I've added a new operator to the graph_edit module, in source/blender/editors/space_graph. The purpose of this operator is to give Blender users the ability to reduce the number of keyframes in a dense animation, to a particular number. By density I mean that a high number of key-frames exist in the animation. If the user is intending to edit the animation, this density can become an issue. For example a user might want to reduce a dense 90 keyframes of a motion capture animation to a sparse 20 keyframe animation. I imagine that the operator will be useful in situations where motion capture or physics simulation has been used to create animation which now needs to be edited. It may also be helpful if a user has manually created dense animation data, and now wishes to simplify it. In my testing, the operator takes no more than one second to complete for up to 100 frames of dense animation data.

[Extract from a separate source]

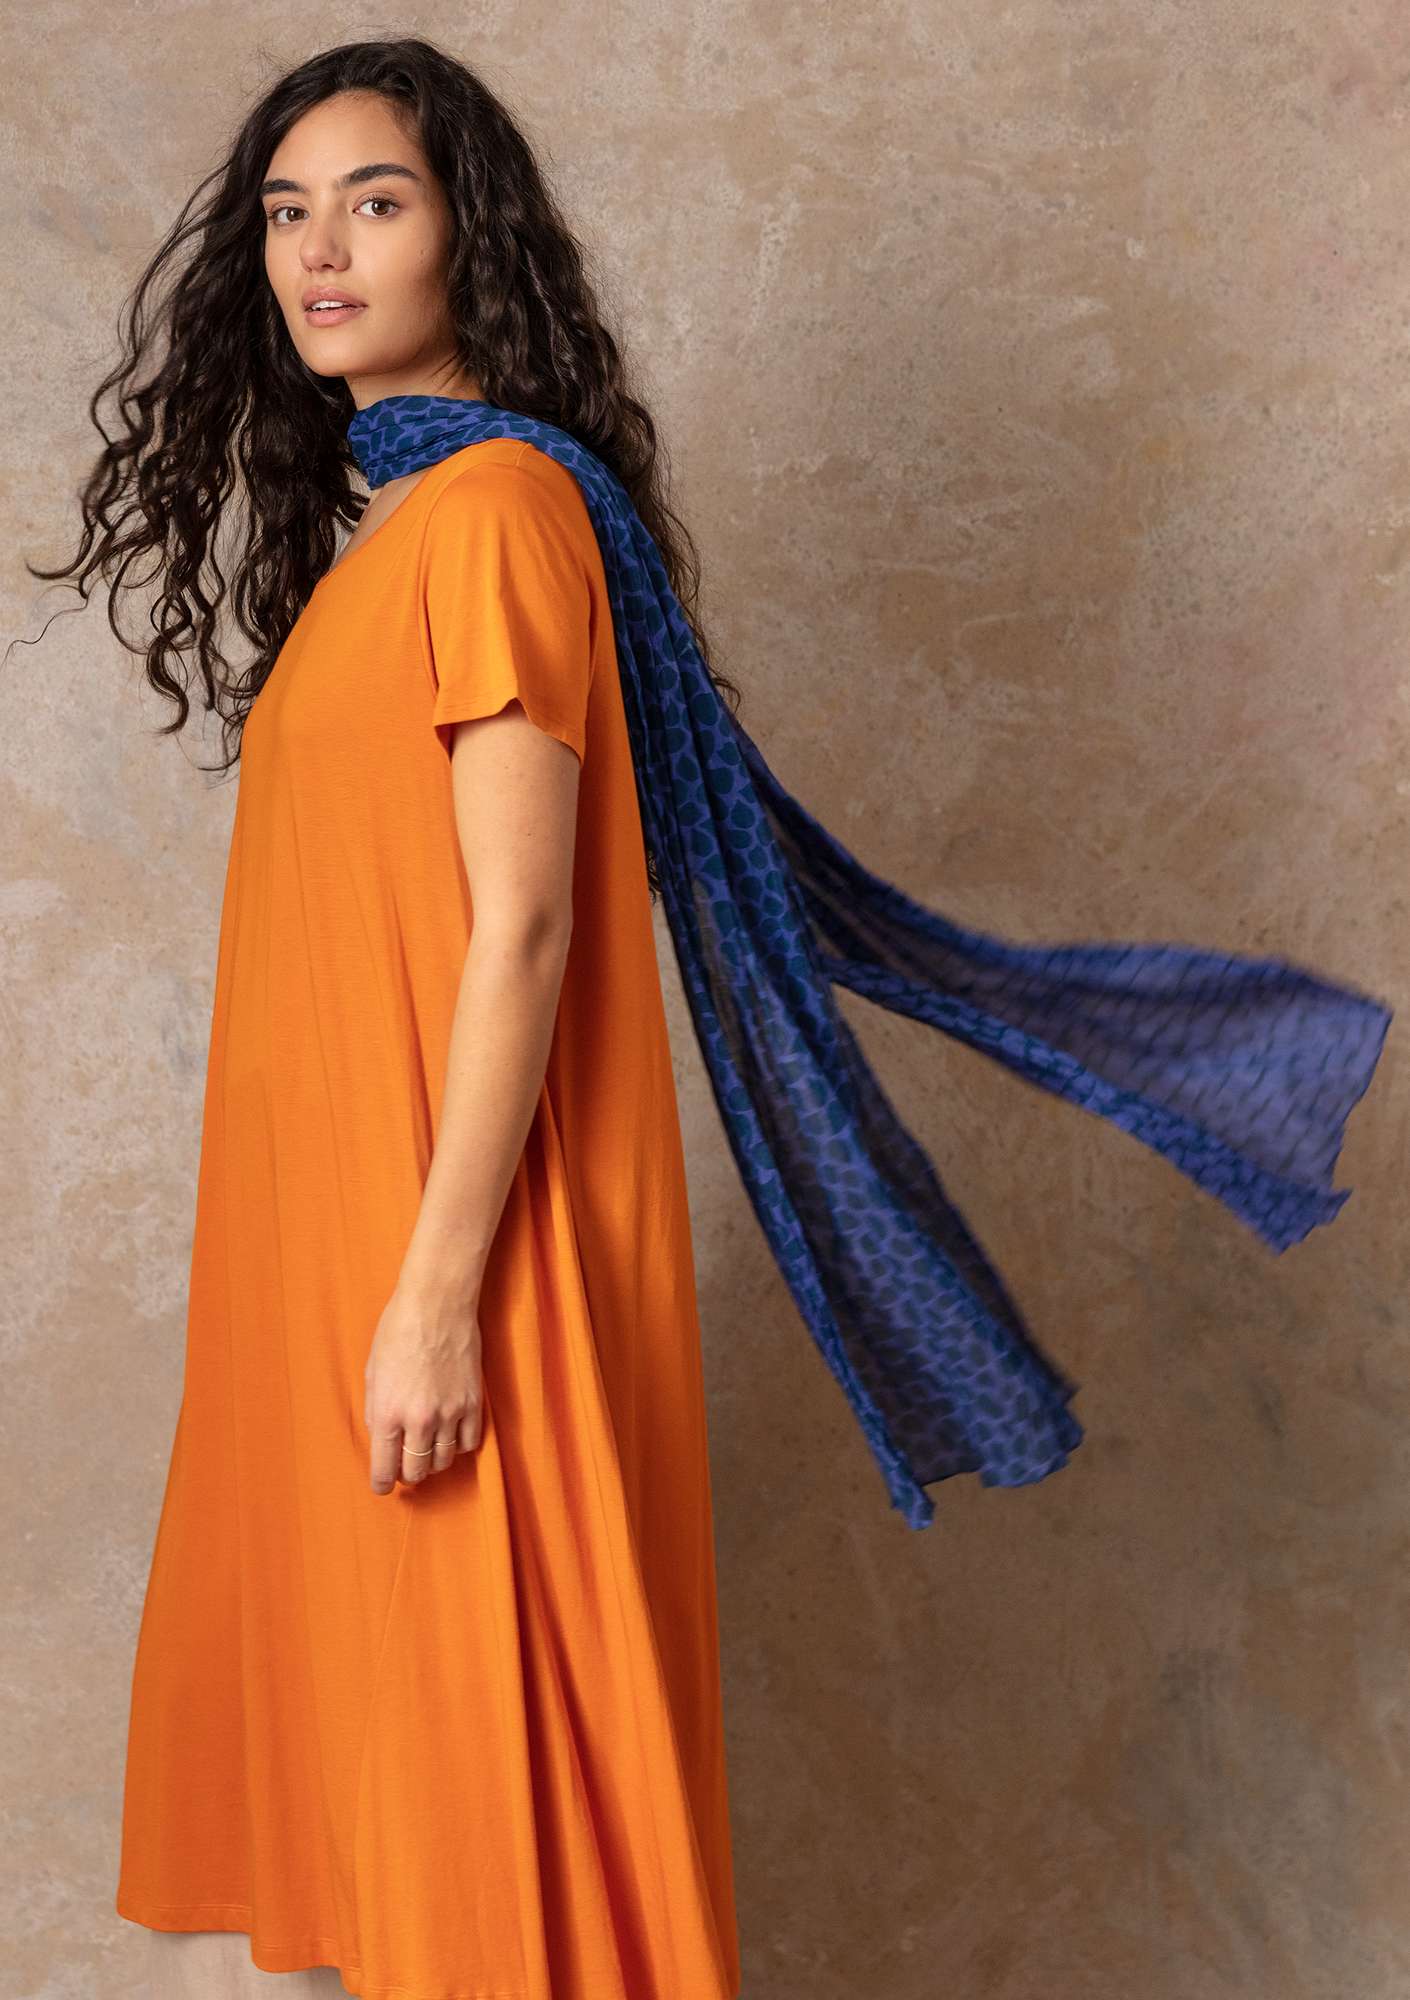 Serafina shawl indigo/patterned
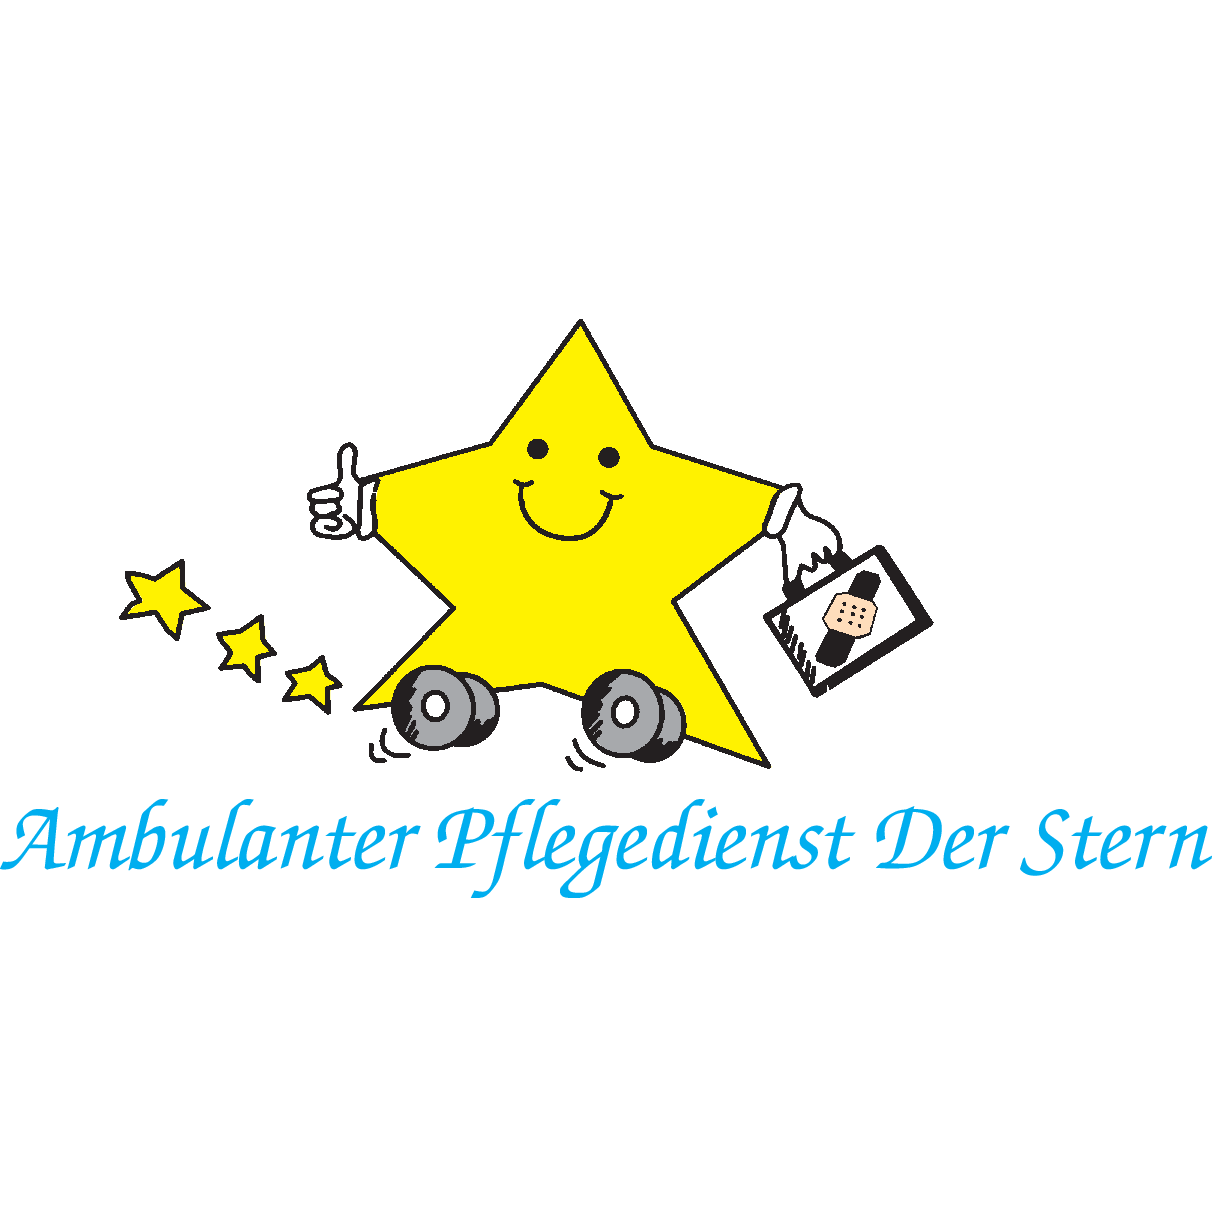 Ambulanter Pflegedienst Der Stern in Ursensollen - Logo

This patch contains a new c module graph_reduction, with an accompanying ED_reduction header file. The module and header declare a number of data structures and functions that enable this operator to run. As well as the brief statements about the structures and functions given via comments in the code, I will attempt to give a somewhat adequate summary:
There are two algorithms used by the operator, the first "learns" the animation data in order to pick out which of the existing keyframes are most important. In implementation, this algorithm uses a dynamic programming approach to recursively update a table of best placements of keyframes. Once the algorithm is finished, an array of integers representing frames is given back to the operator. The operator will then pass these frame numbers to the next algorithm, which simple deletes all the existing keyframes of each curve, and inserts new keyframes at those indices. Once this has been done, the handles of the keyframes' beziers are tweaked to match the original data as closely as possible (this second algorithm is a uses a brute-force approach, checking a set of different anchor points for the beziers, using the best it finds).
Thanks!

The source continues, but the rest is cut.